(Information provided):
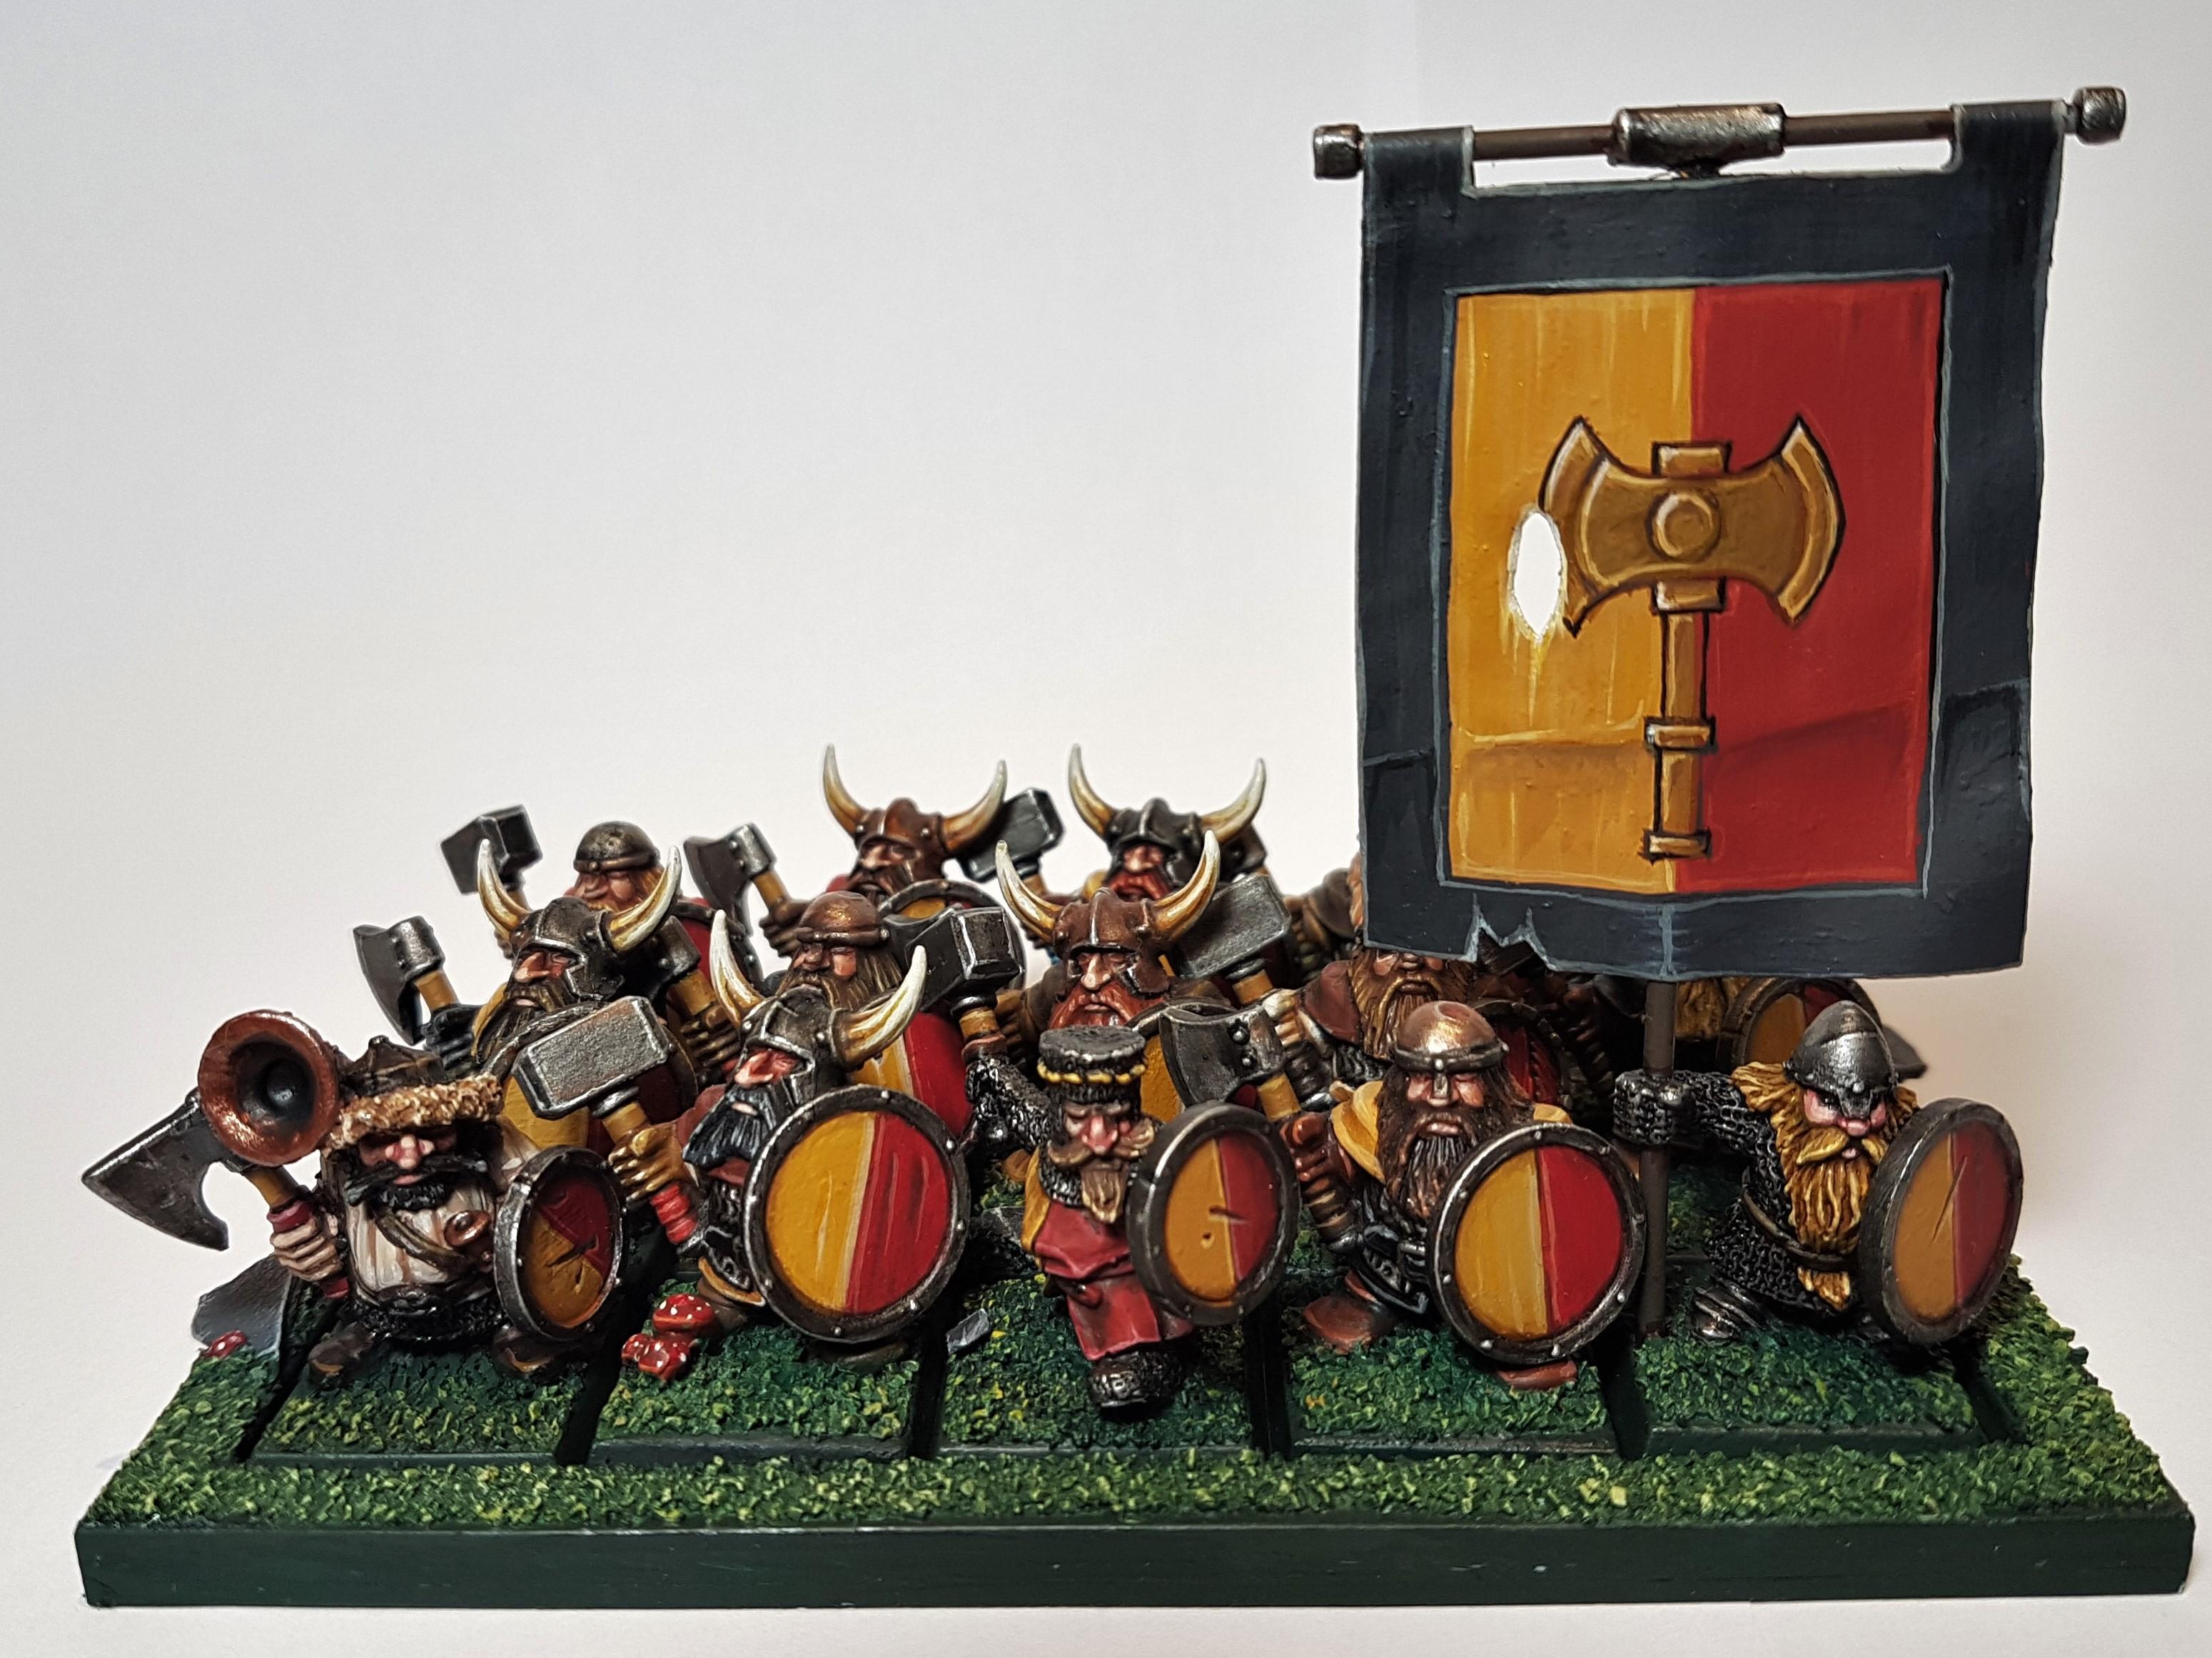 Clansmen Main
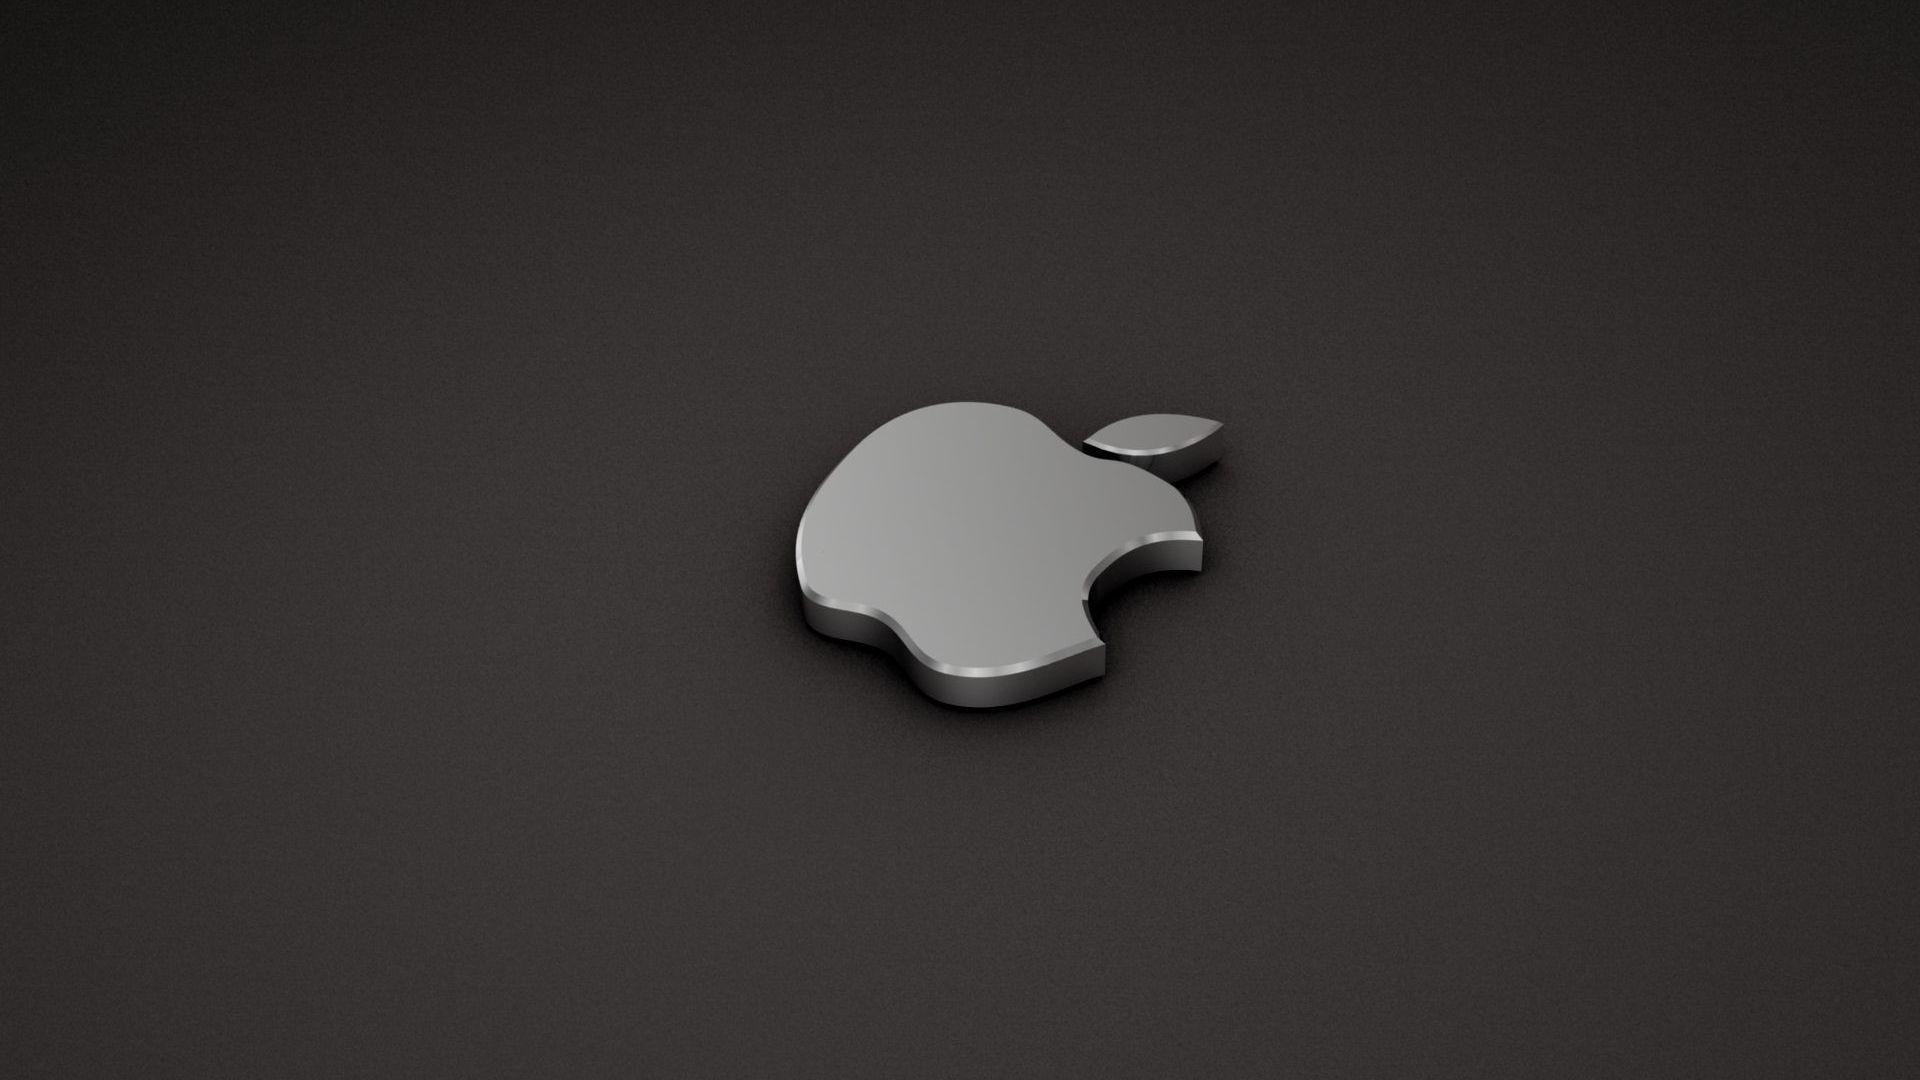 3d Black And White Mac Apple Logo Hd Wallpaper
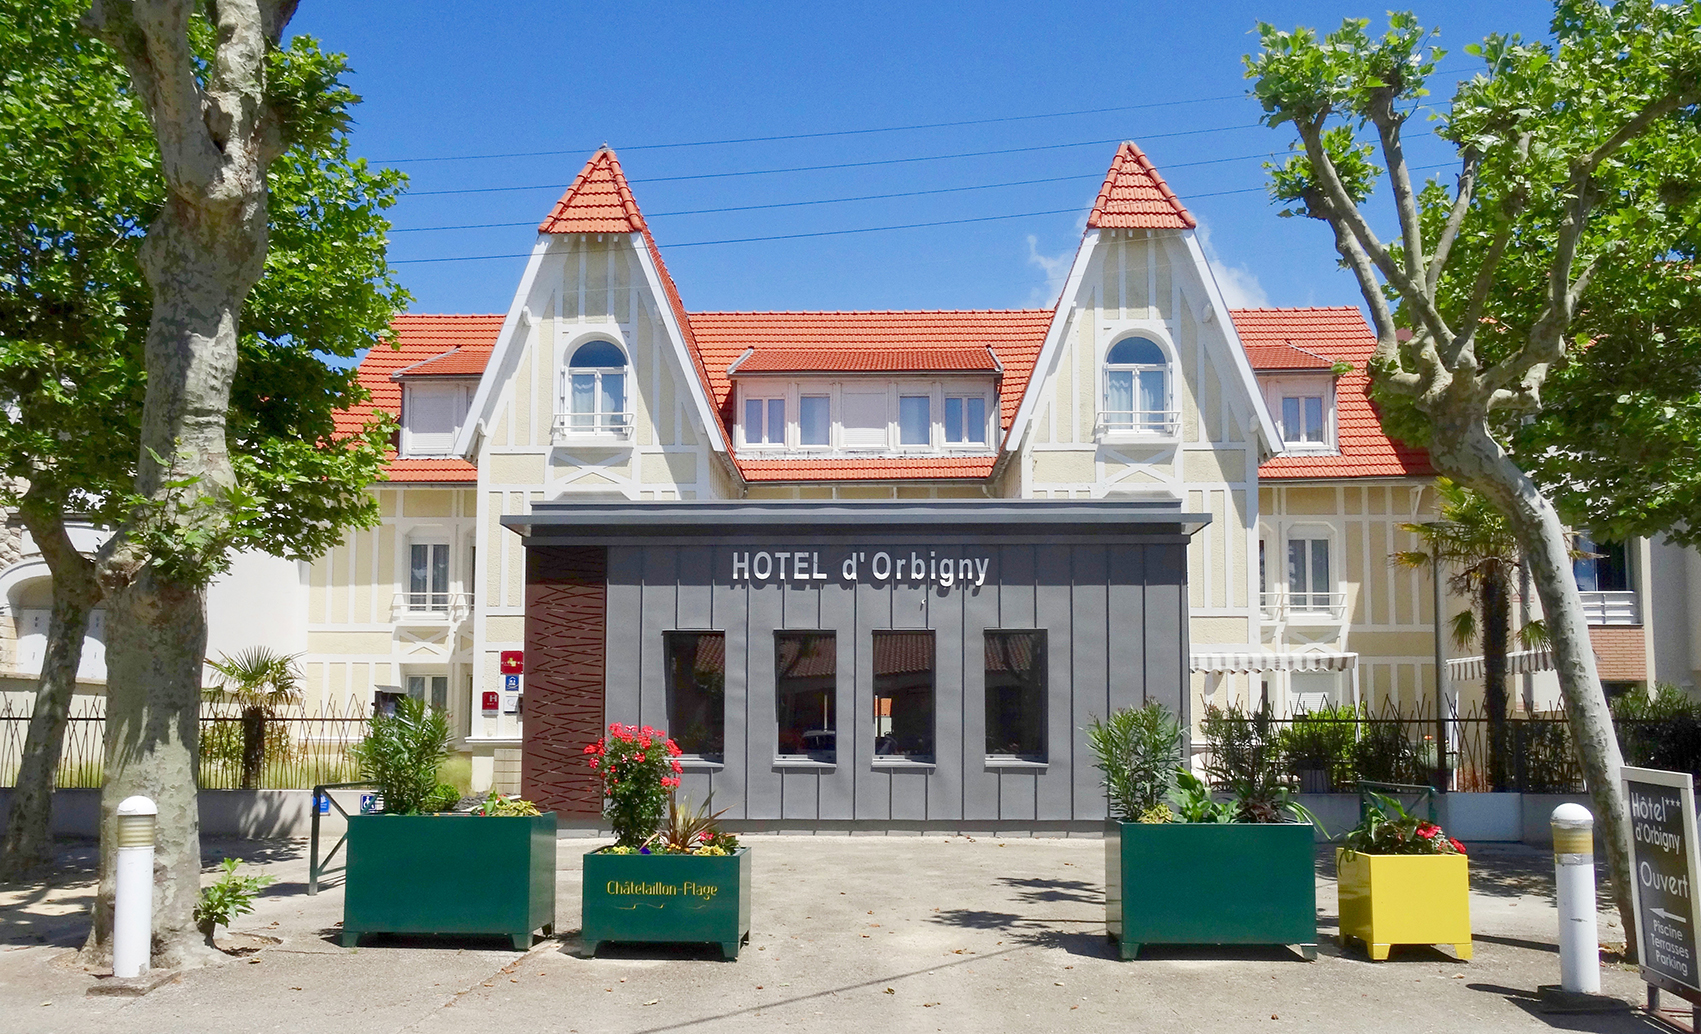 Chatelaillon Plage – Hôtel d'Orbigny

(Directions): Repeat all the data as it stands, dropping any images it holds.

(Finished exercise):
 Clansmen Main
 3d Black And White Mac Apple Logo Hd Wallpaper
 Chatelaillon Plage – Hôtel d'Orbigny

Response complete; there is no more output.